Everyone knows that no-one plays a bat-shit crazy, excentric genius like Robert Downey Jnr. I mean if you’ve seen his take on Ironman/Tony Stark then you’ve seen the afore-mentioned character type at its best. Well actually, at its second best. It turns out that the best is portrayal is one Sherlock Holmes, resident at 221B Baker Street, London.
One day Madonna’s missus, Guy Ritchie decided to steer away from his usual movies about gangsters with shooters in modern London. Instead he’d do a movie about gangsters with much more primitive shooters, in Victorian London. The story follows Holmes and Watson on their last case before Watson gets married. Along the way we get magic, secret societies, fist fights, stick fighting, and of course, gorgeous women in corsets.
I am not going to go into the story. Frankly it’s complicated, with surprising twists and turns at every stage. Enough to say that it is precisely what you would expect from both Guy Richie and a Holmes movie.

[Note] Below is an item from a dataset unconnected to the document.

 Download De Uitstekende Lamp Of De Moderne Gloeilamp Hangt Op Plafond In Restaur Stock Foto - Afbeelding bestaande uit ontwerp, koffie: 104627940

What I am going to talk about is the movie as a whole, itself. The writing is sharp, quick, and hilarious. The sets are simply amazing, everything you would expect from the very best period drama. The costumes are incredible. The editing flawless, with the movie never slowing down, or becoming boring in any way for even an instant. The casting is simply superb. Downey’s Holmes is not the staid, purely cerebral character we all grew up with on television. He’s a scrapping bastard, who takes pleasure from sort of torturing Watson’s bulldog. He’s mean, nasty, unpleasant, and charming as hell. Jude Laws Watson is a stereotype of the retired veteran British officer, just as the character always has been. But unlike other versions he’s much a man of action, as he is a man of medicine.
There is only really one let down, and that’s the score. It’s frankly rather humdrum. Exactly what you would expect, and oddly out-of-place in this movie for that very reason.

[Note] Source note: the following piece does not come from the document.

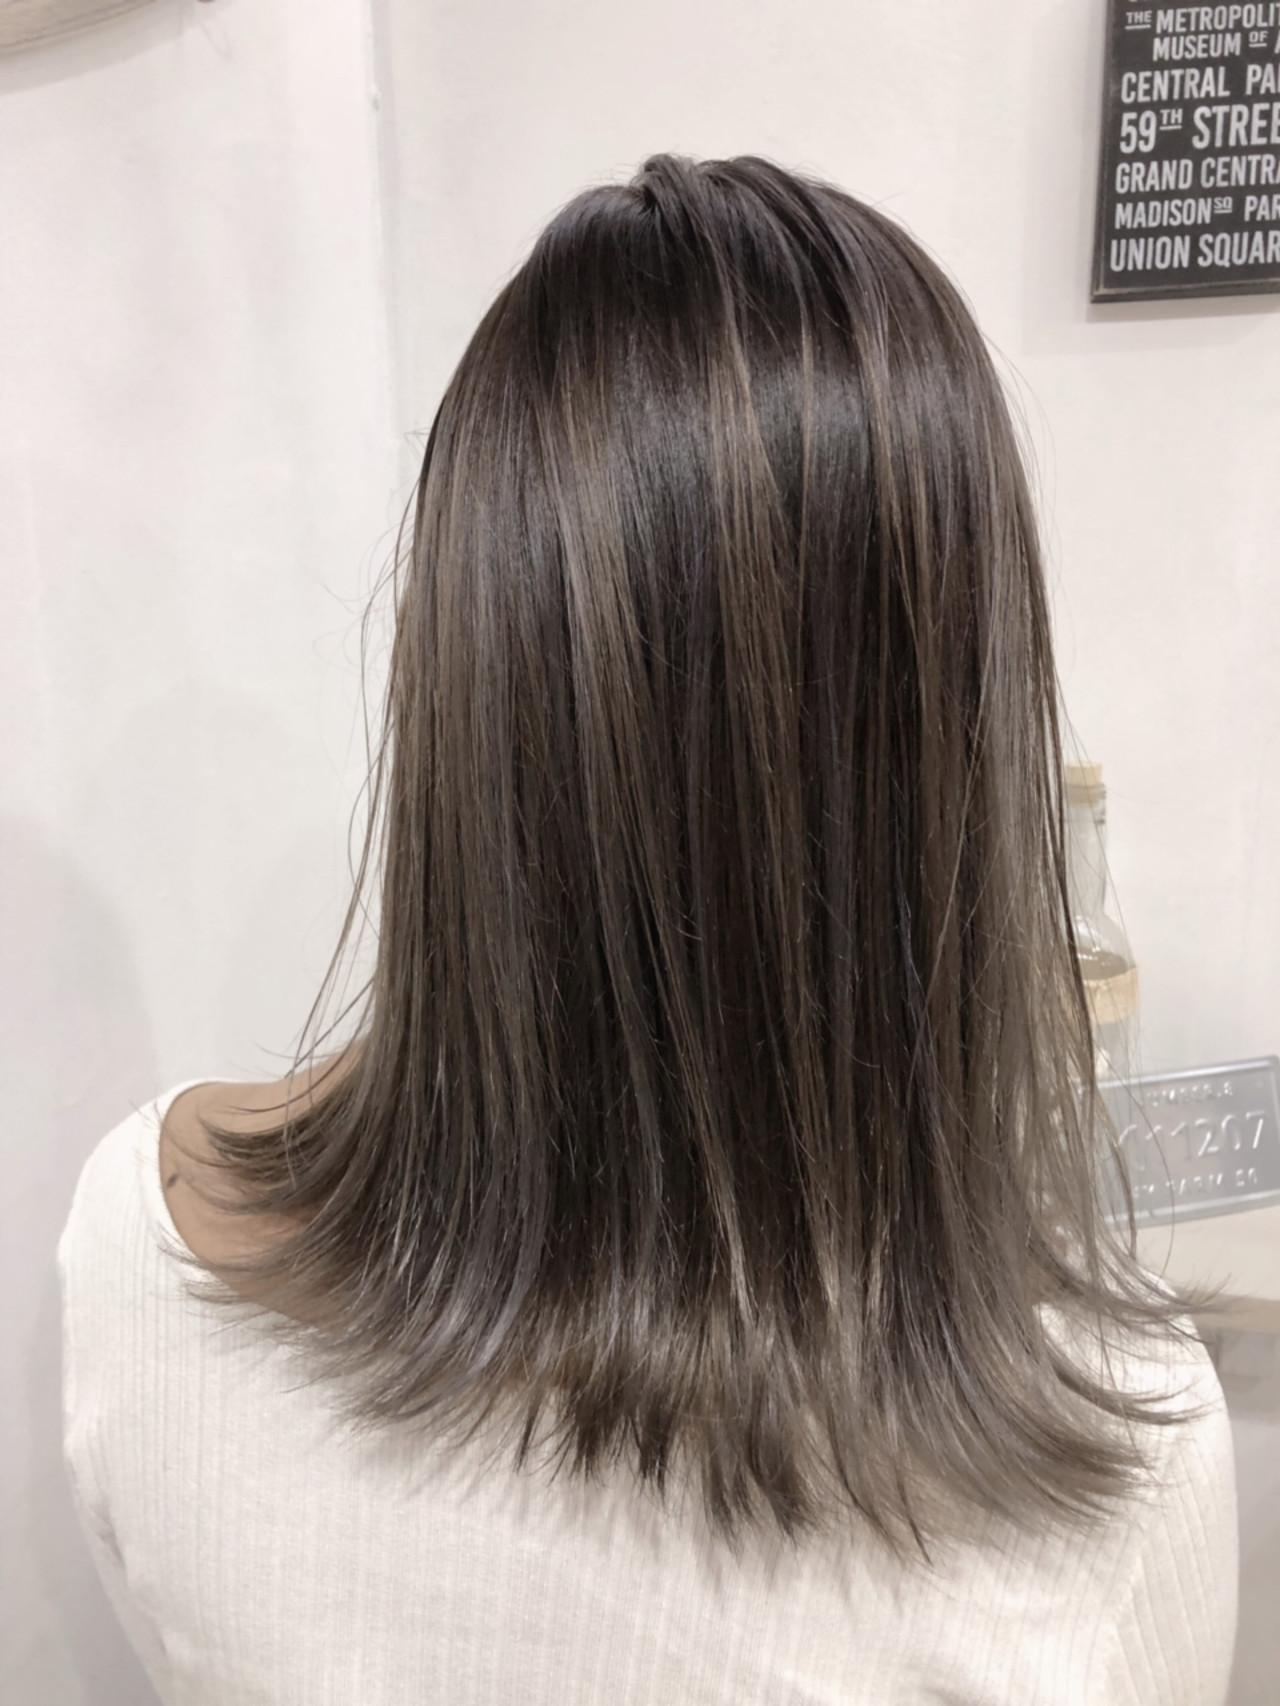 ミディアム 透明感 モード バレイヤージュ ヘアスタイルや髪型の写真・画像

I have to say I was hugely skeptical when I heard that this movie was being shot. There’s been so many attempts to capture on-screen, both large and small, the barely contained madness that fuels the genius of Sherlock Holmes as he was portrayed in the books. Very few of them have ever come even vaguely close. Some how Mr. Madonna manages it better than most. Even if in the end it is achieved in large part by his leaning heavily on the acting talents of Robert Downey Jnr. as Holmes and Jude Law as Watson. Regardless of how I am now waiting expectantly for the sequel, time to see this new Holmes go up against Moriarty the Napolean of Crime.